> _TASK PROMPT_: Each entry below should be written out exactly as it is, with no pictures.

> _DATA SHOWN_:
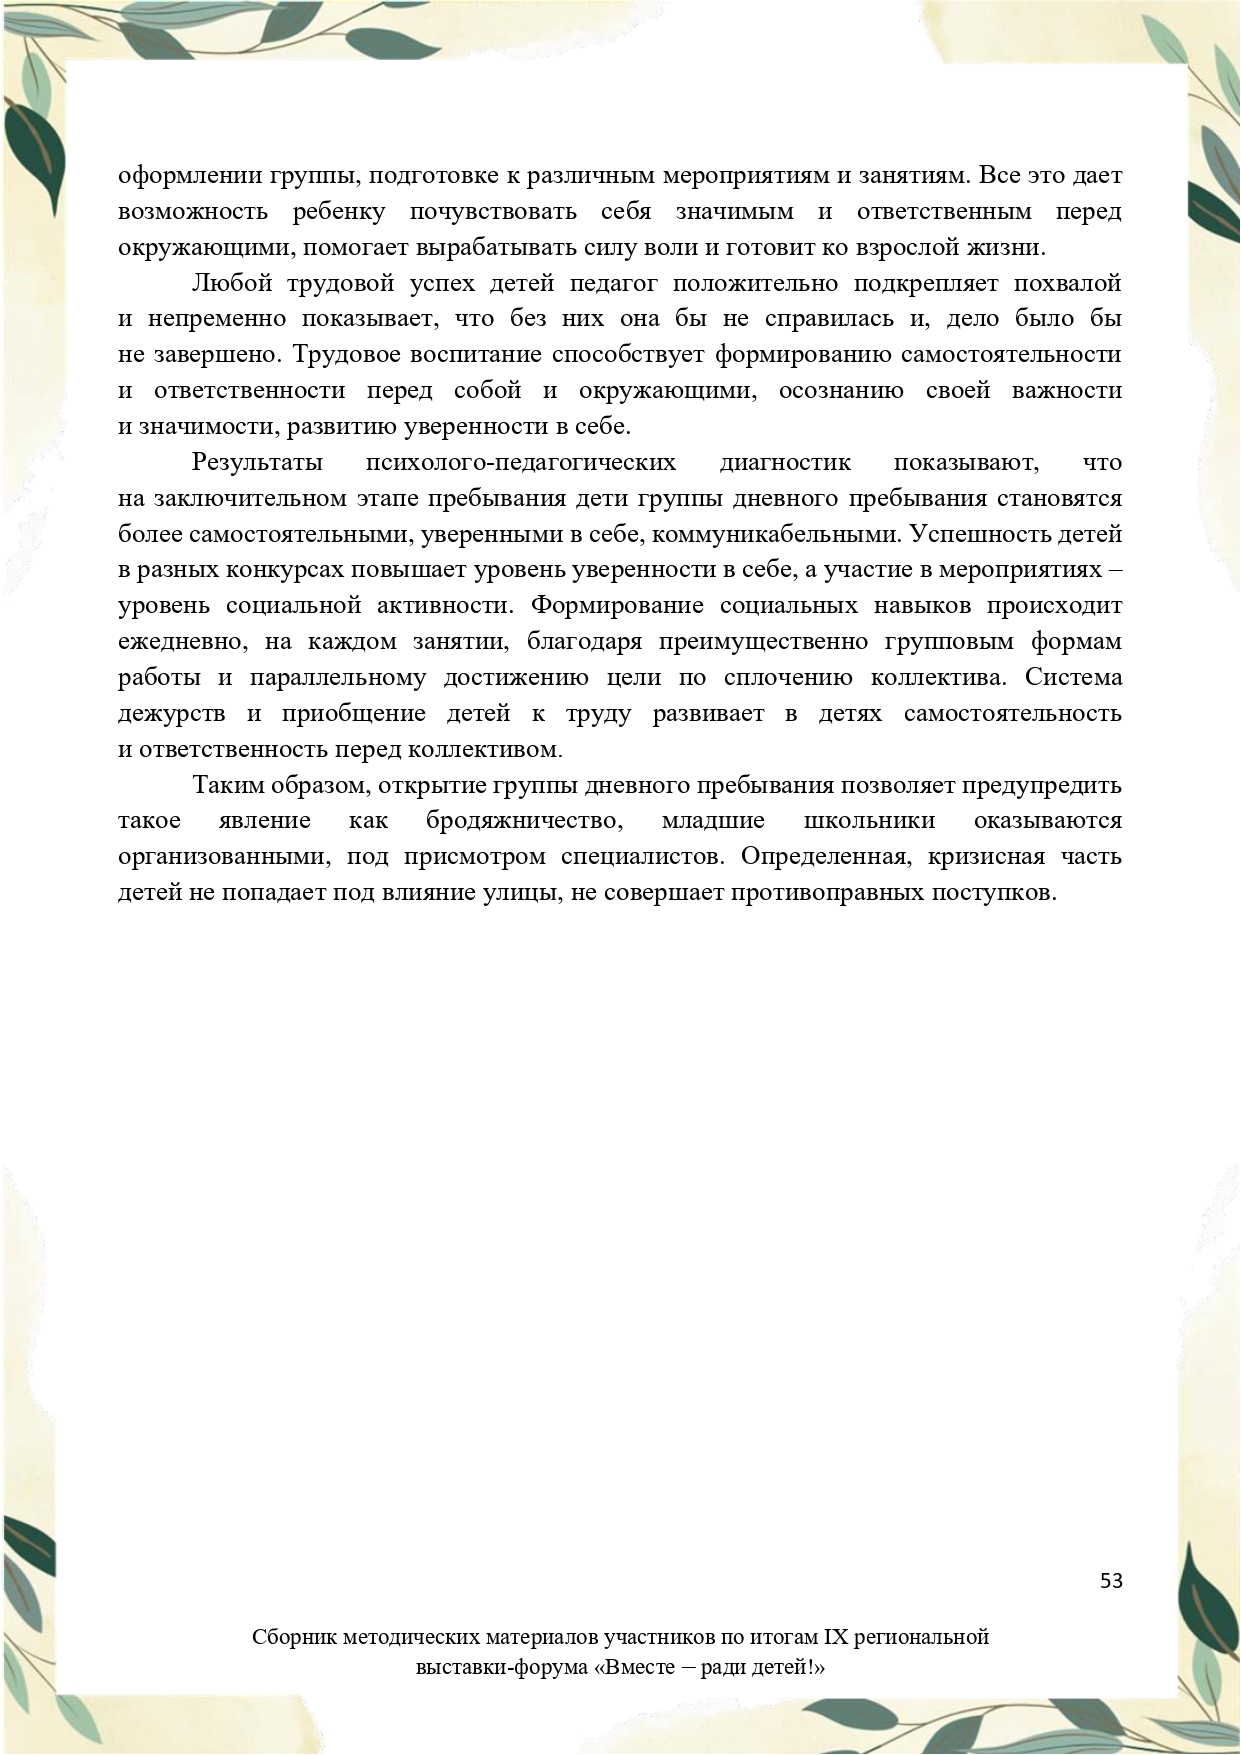 Sbornik_metodicheskikh_materialov_uchastnikov_IX_regionalnoy_vystavki-foruma_Vmeste__radi_detey_33__2023_page-0053
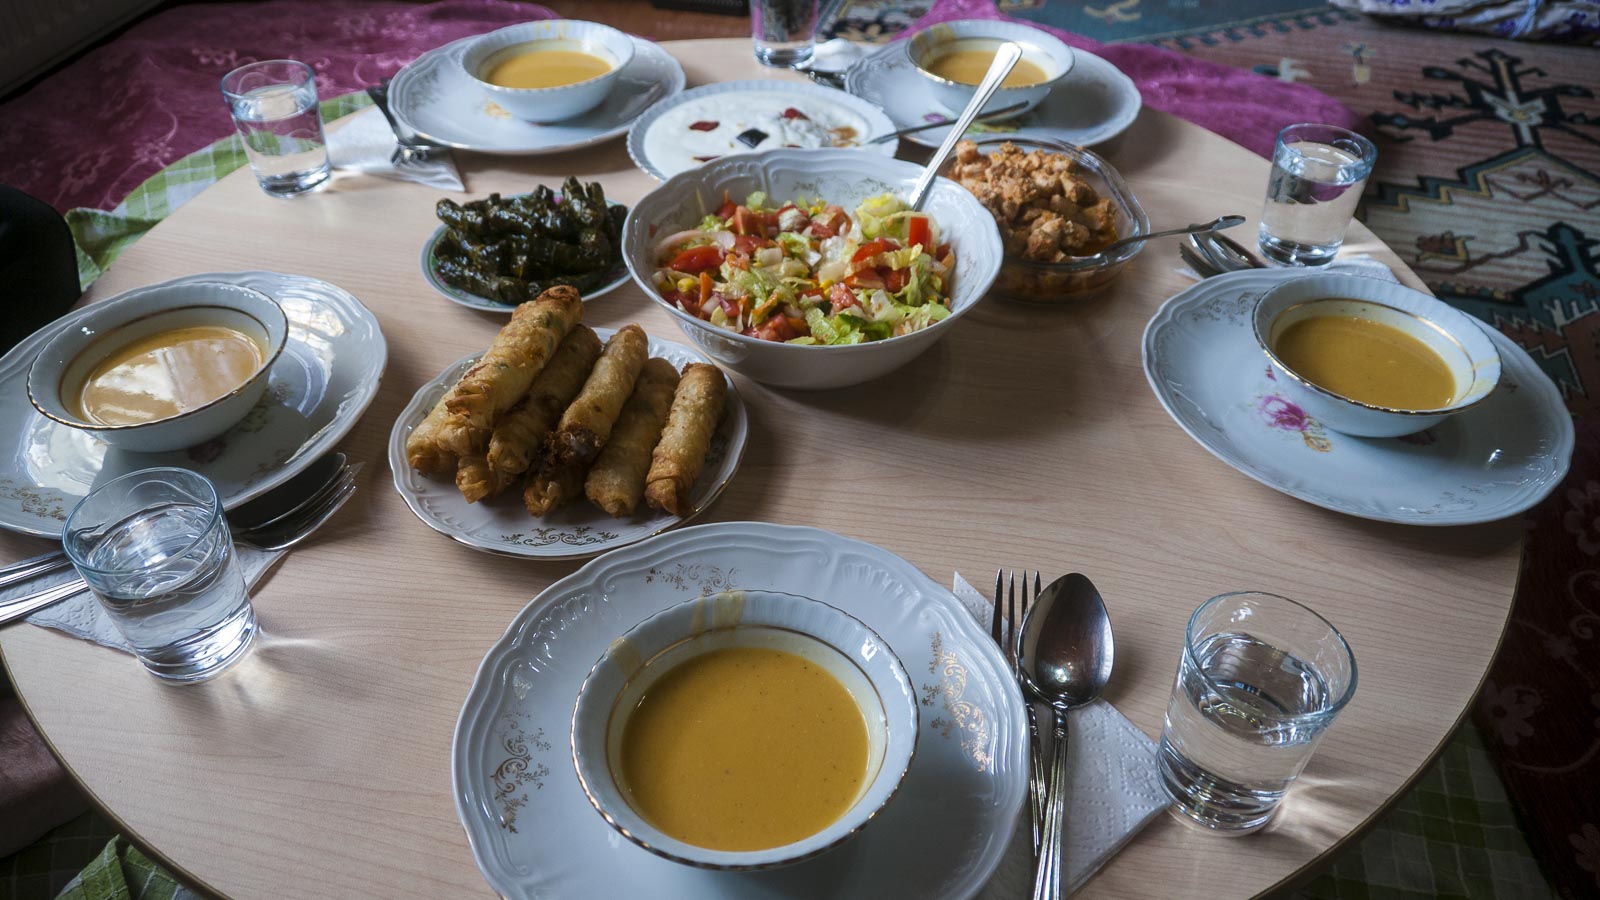 Briwat Rolls food in morocco
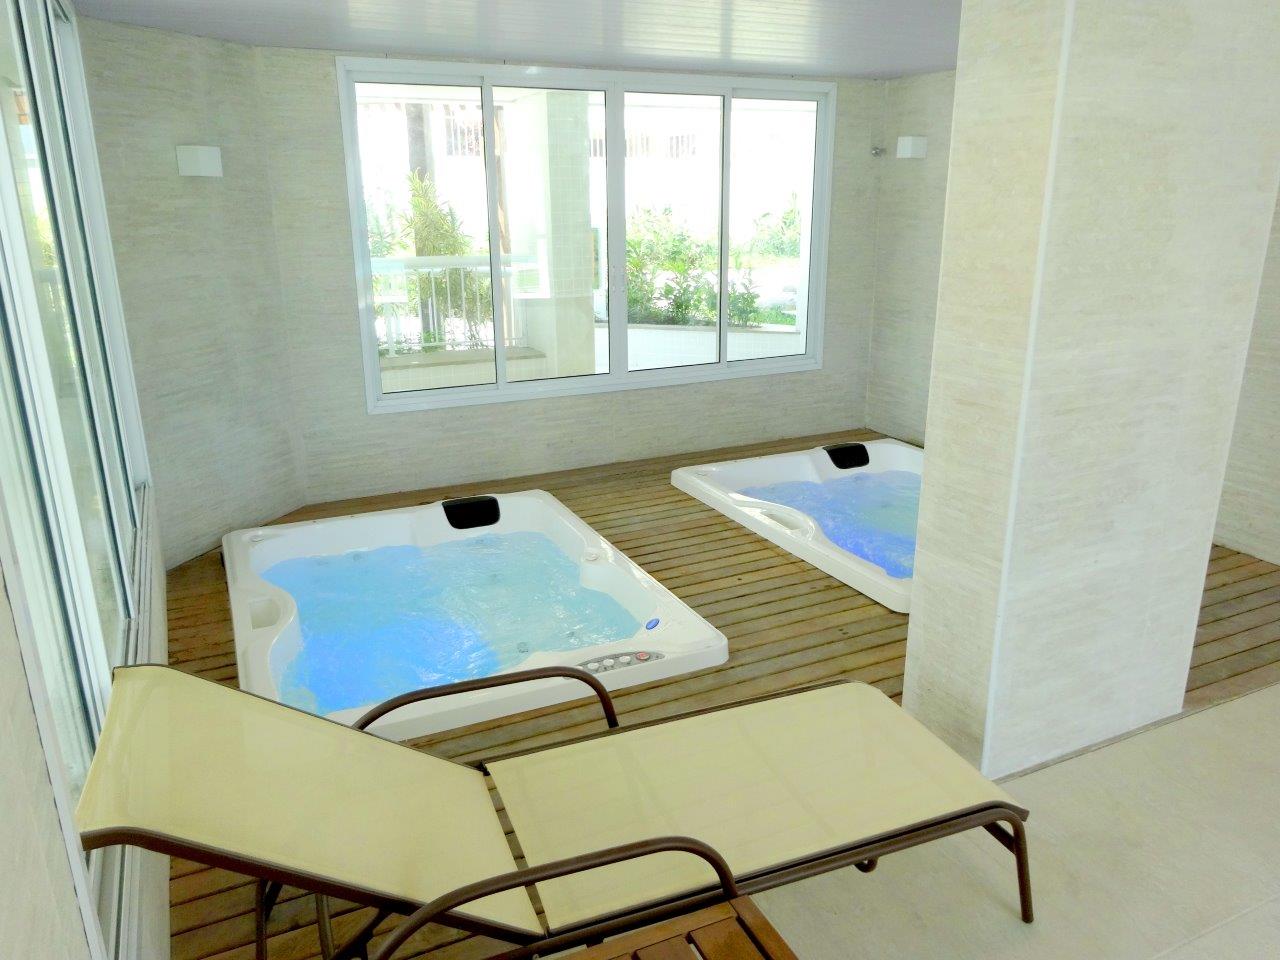 Residencial Bora Bora Tijuca - Condom&#237;nios com Apartamentos de 2 e 3 Dormit&#243;rios, Quartos no Rio de Janeiro, RJ | Construtora Santa Cec&#237;lia
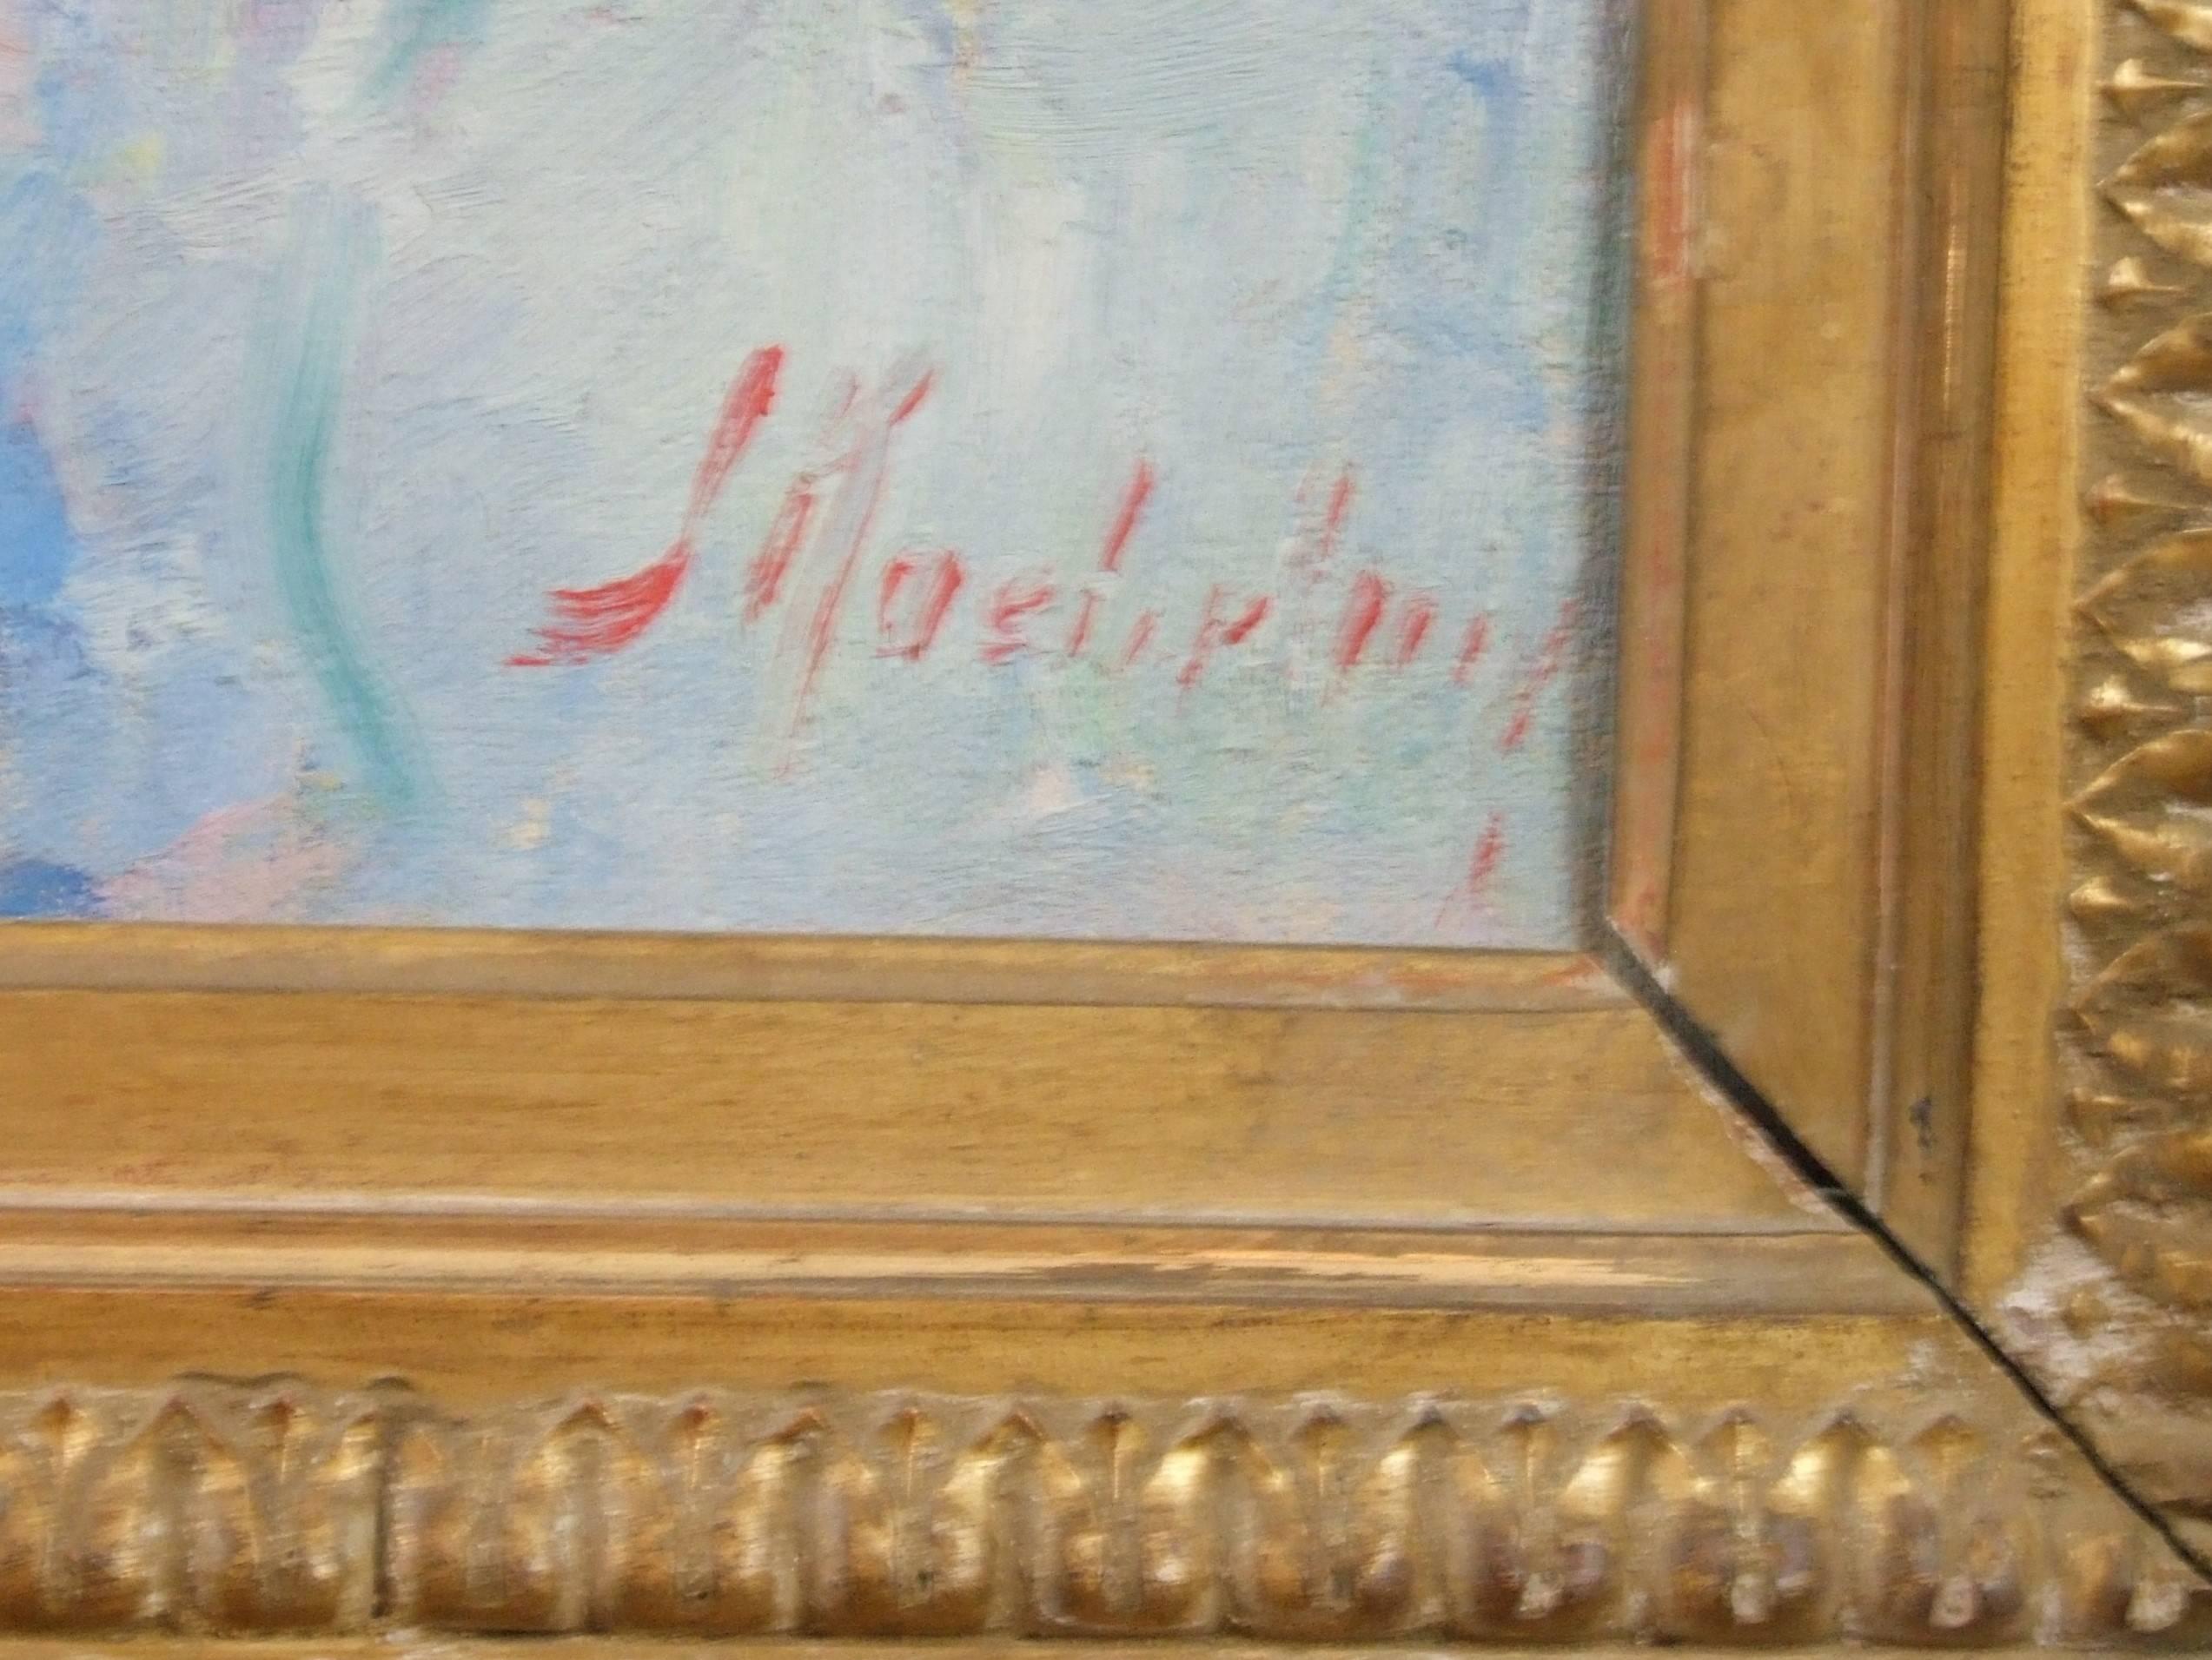 Huile sur toile de Suzanne Blanche KAEHRLING, représentant deux jeunes filles sur la plage. Le tableau est livré avec son cadre.

Suzanne Blanche KAEHRLING, peintre alsacienne, a vécu et travaillé à Paris. Elle peignait généralement des nus, avec

> _SOLUTION TO THIS TASK_:
 Sbornik_metodicheskikh_materialov_uchastnikov_IX_regionalnoy_vystavki-foruma_Vmeste__radi_detey_33__2023_page-0053
 Briwat Rolls food in morocco
 Residencial Bora Bora Tijuca - Condom&#237;nios com Apartamentos de 2 e 3 Dormit&#243;rios, Quartos no Rio de Janeiro, RJ | Construtora Santa Cec&#237;lia
 Huile sur toile de Suzanne Blanche KAEHRLING, représentant deux jeunes filles sur la plage. Le tableau est livré avec son cadre.

Suzanne Blanche KAEHRLING, peintre alsacienne, a vécu et travaillé à Paris. Elle peignait généralement des nus, avec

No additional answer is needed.